Friday, January 02, 2009

Public Authorities Need a Map To Arrive at Full Equalities Compliance

2009 will see the debate and passage of a new Equality Bill, intended to replace over 100 separate pieces of legislation that have accumulated over the last 40 years.

Listen here for my in-depth review of the 40 year background:

Major features of the new law will be to create a new all-embracing public sector equality duty, replacing separate existing duties for Gender, Race and Disability. With each of these duties there is a requirement for public authorities to produce an appropriate "Equality Scheme", setting out the nature of what they do, and how they plan to ensure that differences in outcomes related to gender, race or disability are tackled.

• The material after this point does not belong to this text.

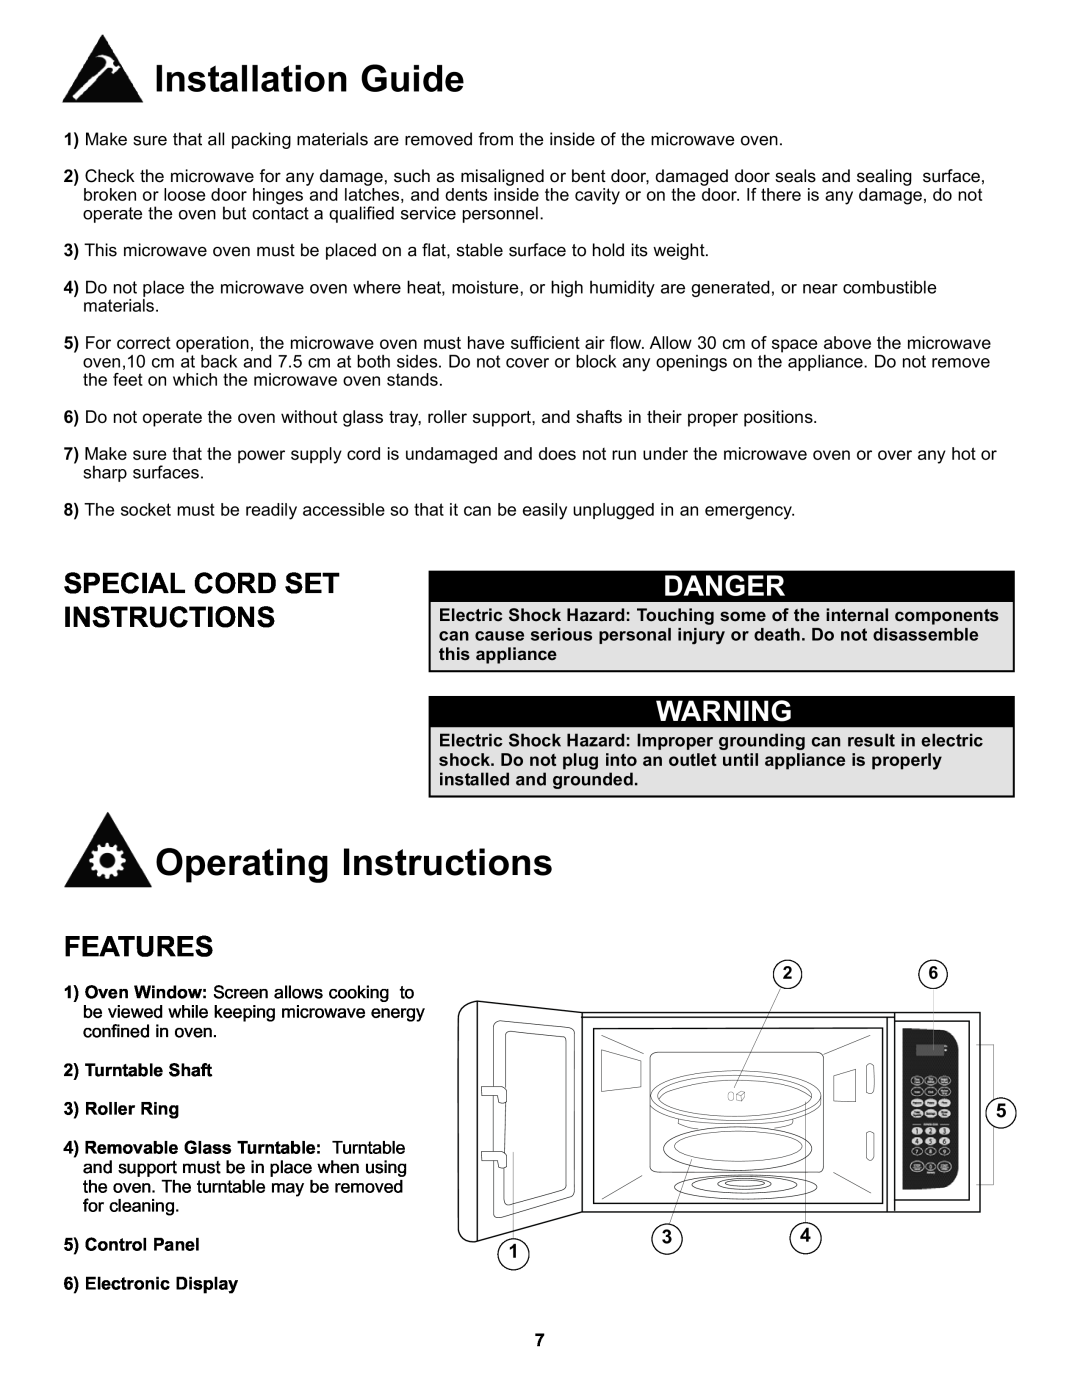 Danby DMW7700WDB manual Installation Guide, Operating Instructions, Special Cord Set Instructions, Danger, Features

The new "Single Equality Duty" will also embrace other diversities - lesbian, gay and bisexual people - religion or belief - and age. The aim is to simplify the law and eliminate historical disparities. New protections will also be introduced to embrace, for instance, discrimination by association or on the basis of perception.

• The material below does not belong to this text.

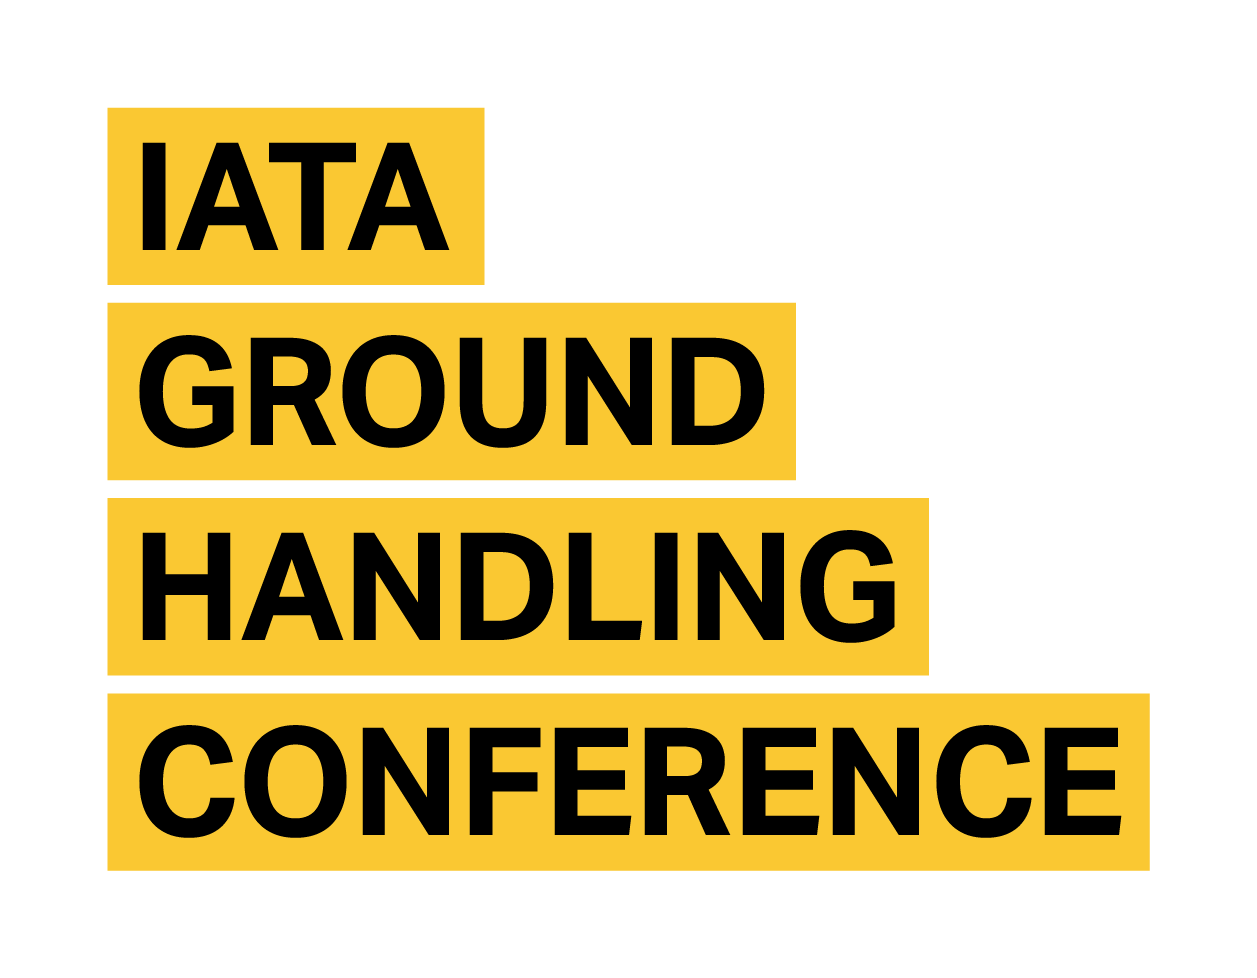 The 35th IATA Ground Handling Conference - Embracing Technology

Some public bodies have tried to be ahead of the game by publishing what they call a Single Equality Scheme. However, in their enthusiasm to do this, they may have made themselves non-compliant with the law's existing requirements.

Although we expect the new Equality Act to be passed in 2009, the reality is that the new Single Equality Duty won't come into effect until 2010 or 2011. The reason for this is because of the updating cycles for the race, disability and gender schemes which such bodies are required to produce and update every three years.

I've already come across organisations who've fallen into the trap of believing they could defer updating their race equality schemes (due for review in April/May 2008) because a new duty was just around the corner. Delaying like that is unlawful though. A similar requirement will arise for organisations to update their disability equality schemes in December 2009.

There is nothing "wrong" in consolidating equality schemes together in the interim; however the individual duties still need to be complied with -- and to call the result a "Single Equality Scheme" when it doesn't cover everyone to the same degree is liable to set false expectations in people reading it. (Better to call it a "Consolidated Scheme" until you're really in a position to gaurantee that the contents address all the requirements of legislation that is yet to be seen).

Public bodies therefore need a road map to get from where they are today to a position where they can effortlessly achieve compliance with the new extended duty in 2011.